Requires-Dist: torchvision==0.18.1; extra == "gpu"
Provides-Extra: dev
Requires-Dist: pytest>=7.0.0; extra == "dev"
Requires-Dist: black>=22.0.0; extra == "dev"
Requires-Dist: isort>=5.10.0; extra == "dev"
Requires-Dist: mypy>=0.950; extra == "dev"
Requires-Dist: flake8>=4.0.0; extra == "dev"
Requires-Dist: pre-commit>=2.17.0; extra == "dev"

# Nedo Vision Training Service

A distributed AI model training service for the Nedo Vision platform.
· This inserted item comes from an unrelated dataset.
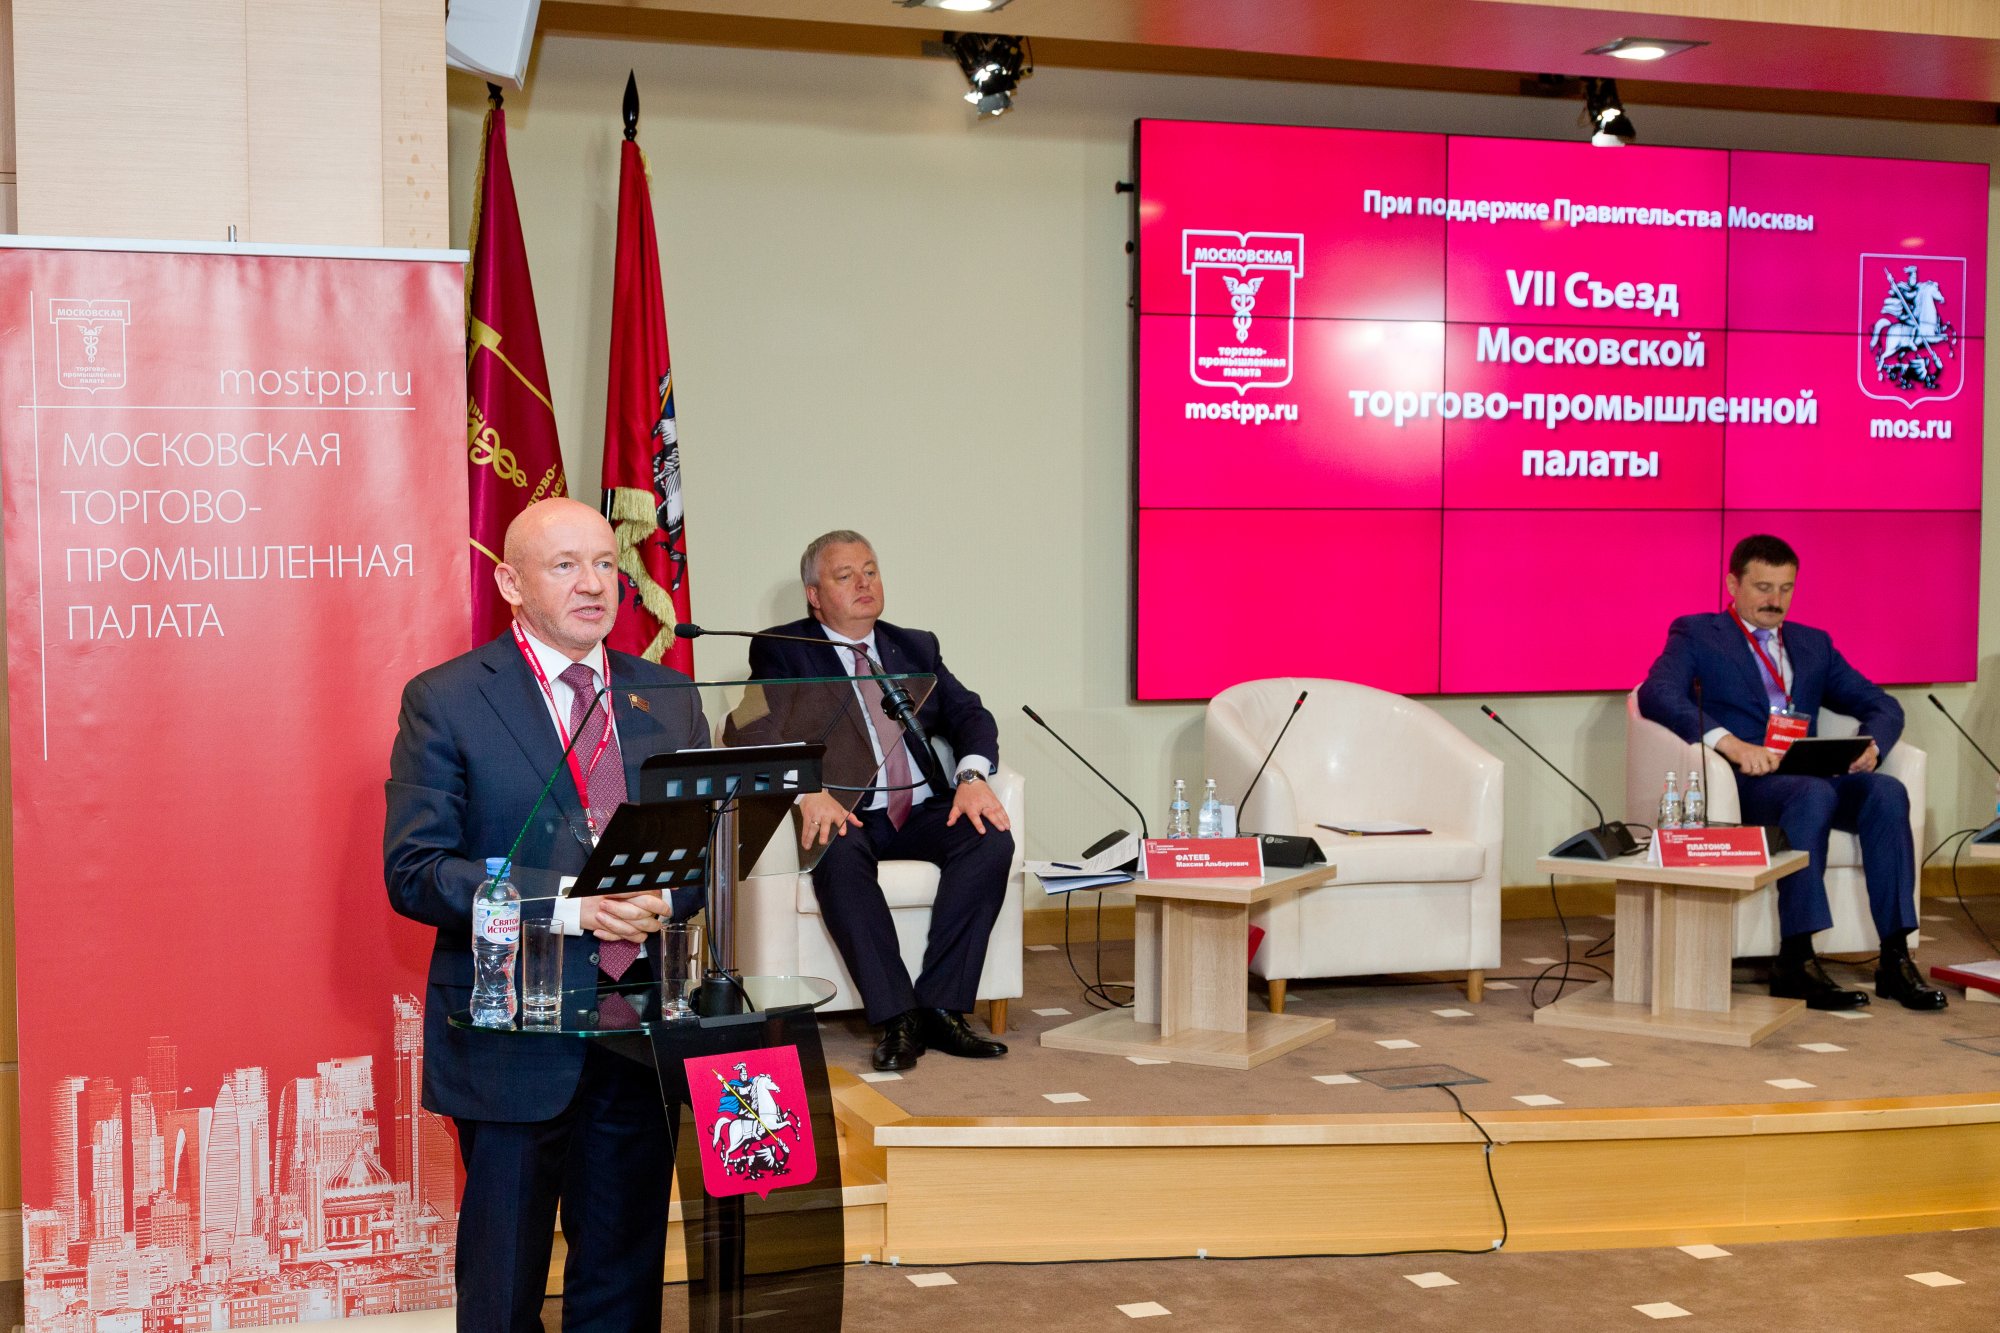 7th extraordinary Congress of the Moscow Chamber of Commerce and Industry was held
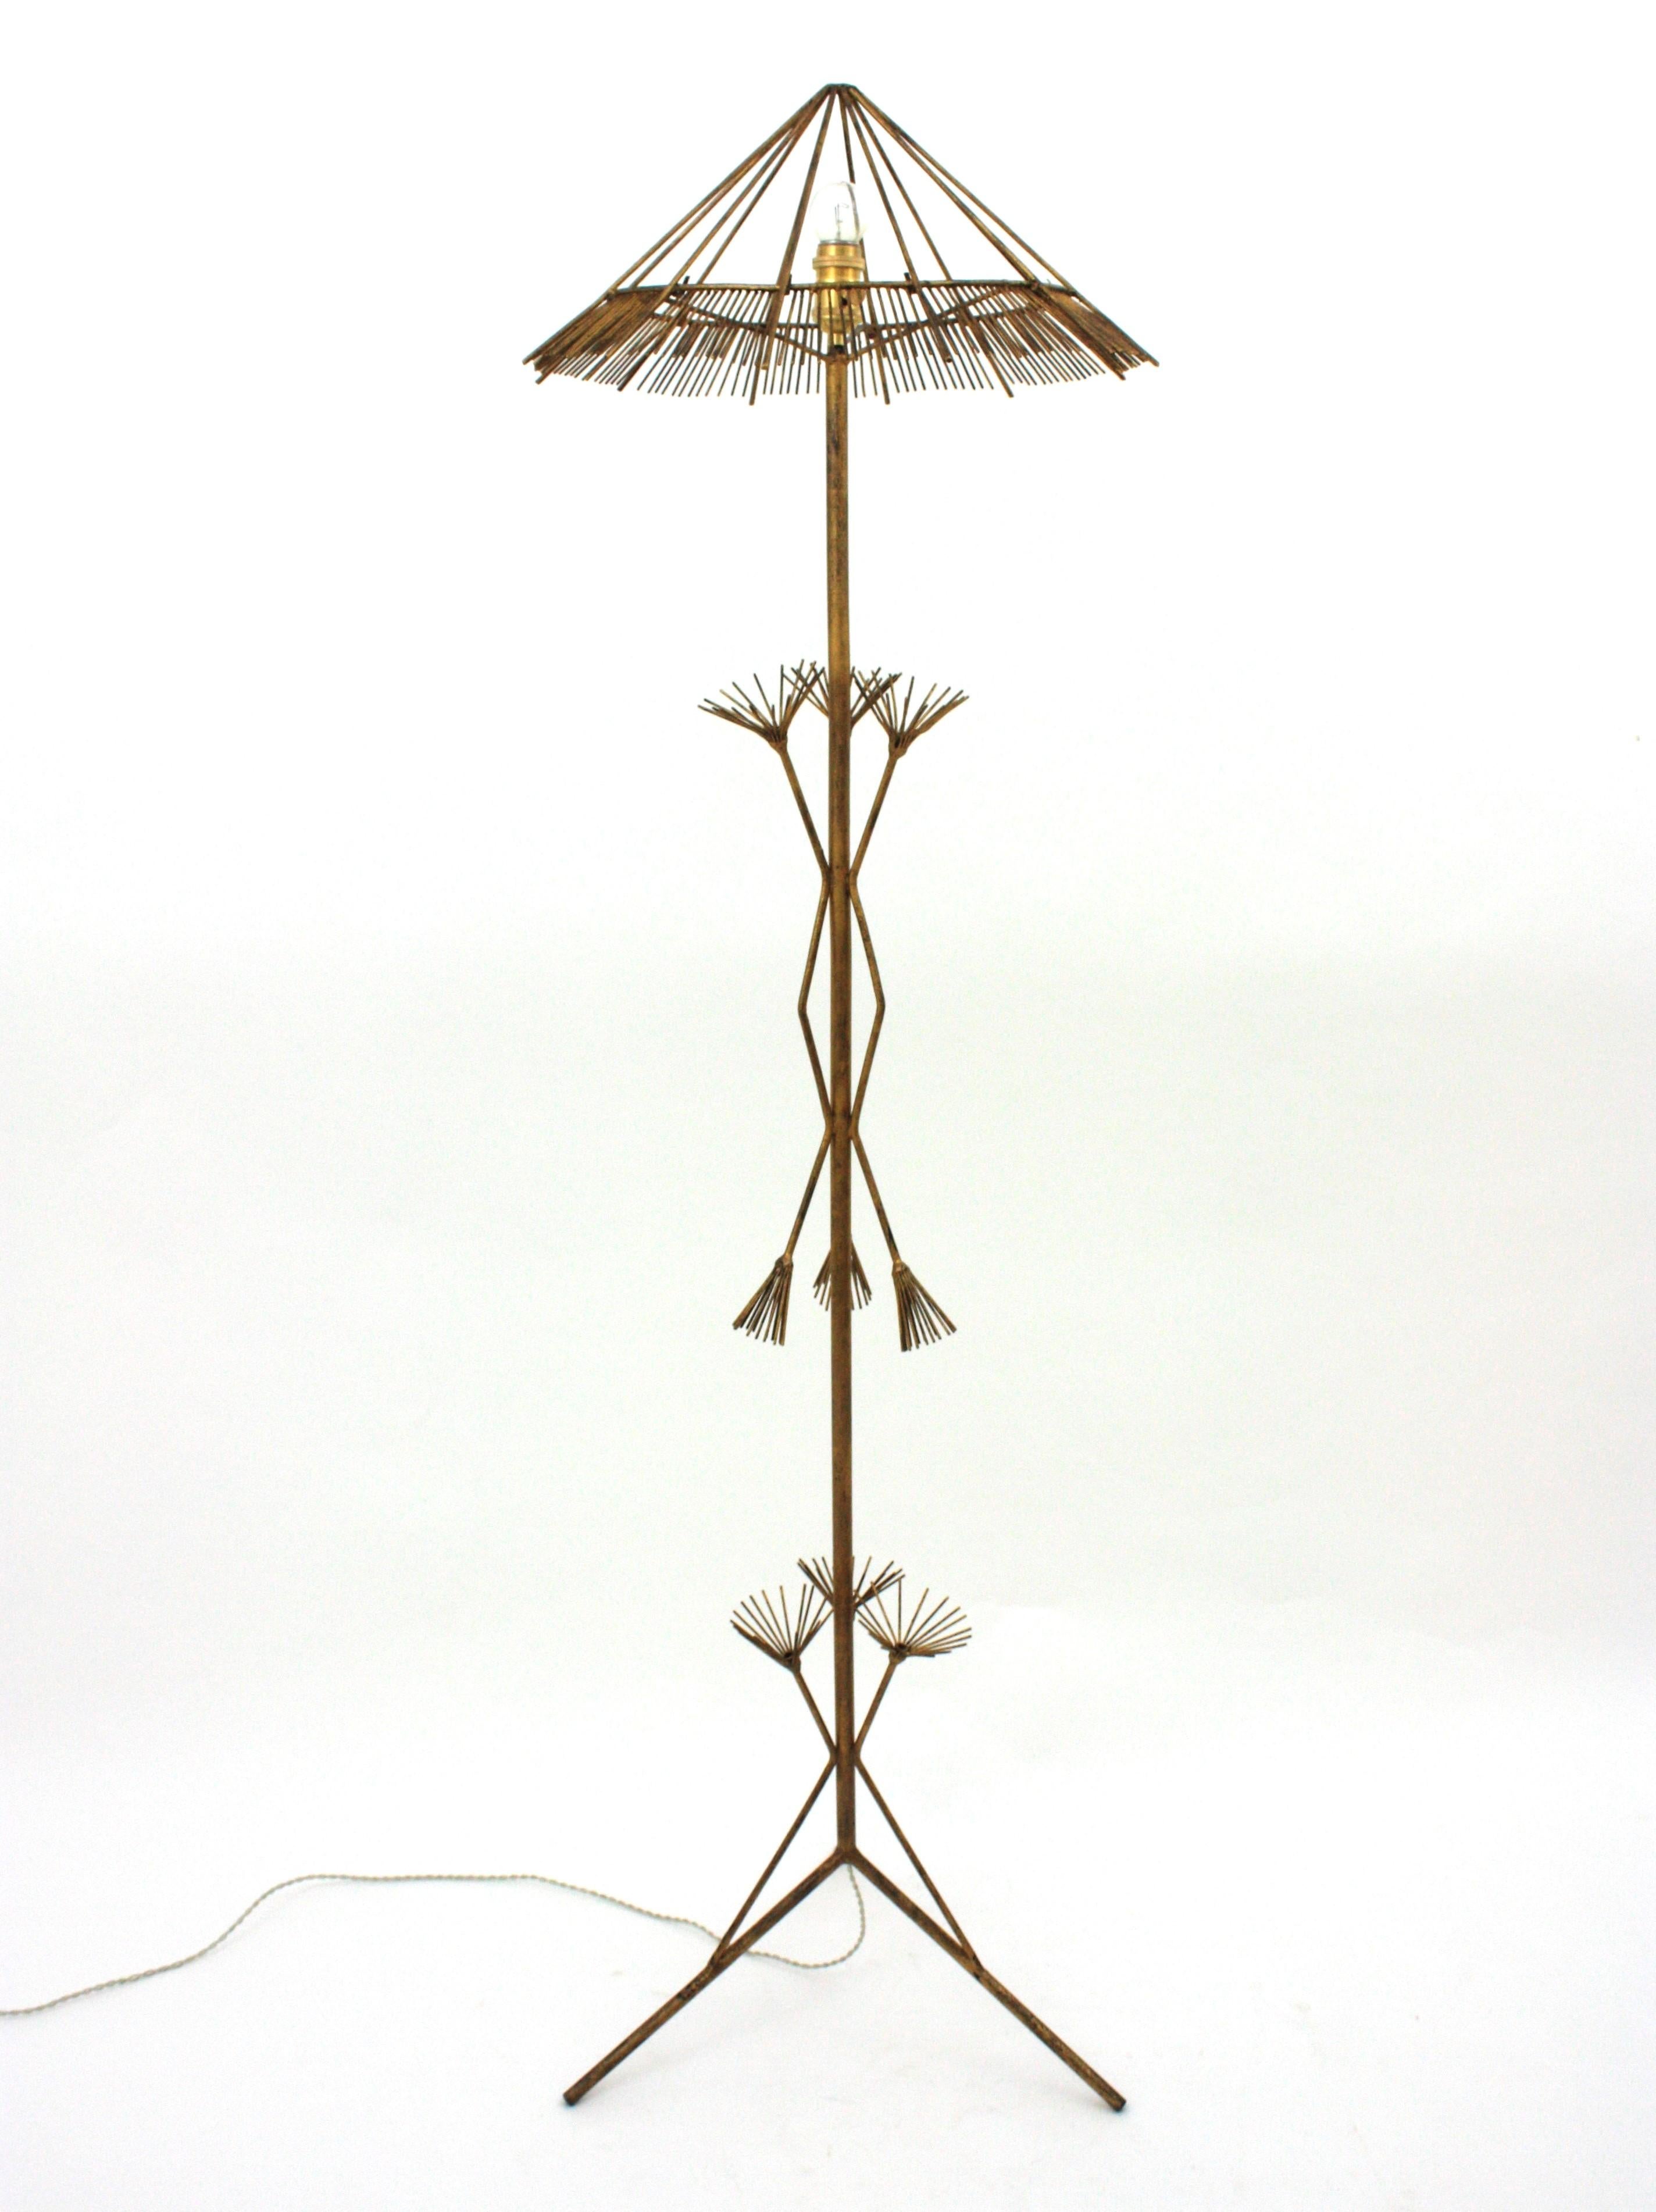 French Midcentury Chinoiserie Gilt Metal Tripod Floor Lamp For Sale 4

This service manages training workflows, monitoring, and lifecycle management for computer vision models using RF-DETR architecture.

## Features

- **Configurable Training Service**: Automated training with customizable intervals and parameters
- **gRPC Communication**: Reliable communication with the vision manager and other services
- **Distributed Training**: Support for multi-GPU and distributed training scenarios
- **Real-time Monitoring**: System resource monitoring and training progress tracking
- **Cloud Integration**: AWS S3 integration for model storage and dataset management
- **Message Queue Support**: RabbitMQ integration for task queue management

## Installation

Install the package from PyPI:

```bash
pip install nedo-vision-training
```

For GPU support with CUDA 12.1:

```bash
pip install nedo-vision-training[gpu] --extra-index-url https://download.pytorch.org/whl/cu121
```

For development with all tools:

```bash
pip install nedo-vision-training[dev]
```

## Quick Start

### Using the CLI

After installation, you can use the training service CLI:

```bash
# Show CLI help
nedo-training --help

# Check system dependencies and requirements
nedo-training doctor

# Start training service with authentication token
nedo-training run --token YOUR_TOKEN

# Start with custom server configuration
nedo-training run --token YOUR_TOKEN --server-host custom.server.com --server-port 60000

# Start with custom REST API port
nedo-training run --token YOUR_TOKEN --rest-api-port 8081

# Start with custom intervals
nedo-training run --token YOUR_TOKEN --system-usage-interval 30 --latency-check-interval 15

# Start with all custom configurations
nedo-training run --token YOUR_TOKEN \
  --server-host custom.server.com \
  --server-port 60000 \
  --rest-api-port 8081 \
  --system-usage-interval 30 \
  --latency-check-interval 15
```

### Configuration Options

The service supports various configuration options:

#### Available Commands

- `doctor`: Check system dependencies and requirements (CUDA, NVIDIA drivers, etc.)
- `run`: Start the training service

#### Run Command Options

- `--token`: Authentication token for secure communication (required)
- `--server-host`: gRPC server host (default: localhost)
- `--server-port`: gRPC server port (default: 50051)
- `--rest-api-port`: Manager REST API port (default: 8081)
- `--system-usage-interval`: System usage reporting interval in seconds (default: 30)
- `--latency-check-interval`: Latency monitoring interval in seconds (default: 10)

## Architecture

### Core Components

- **TrainingService**: Main service orchestrator for training workflows
- **RFDETRTrainer**: RF-DETR algorithm implementation with PyTorch backend
- **TrainerLogger**: Real-time training progress logging via gRPC
- **ResourceMonitor**: System resource monitoring (GPU, CPU, memory)

### Dependencies

The service relies on several key technologies:

- **PyTorch**: Deep learning framework with CUDA support
- **RF-DETR**: Roboflow's Real-time Detection Transformer
- **gRPC**: High-performance RPC framework
- **RabbitMQ**: Message queue for distributed task management
- **AWS SDK**: Cloud storage integration
- **NVIDIA ML**: GPU monitoring and management

## Development Setup

## Troubleshooting

### Common Issues

1. **gRPC Connection Timeouts**: Ensure the server host and port are correctly configured
2. **CUDA Out of Memory**: Reduce batch size or use gradient accumulation
3. **Missing Dependencies**: Reinstall with `pip install --upgrade nedo-vision-training`

### Support

For issues and questions:

- Check the logs for detailed error information
- Ensure your token is valid and not expired
- Verify network connectivity to the training manager

## License

This project is part of the Nedo Vision platform. Please refer to the main project license for usage terms.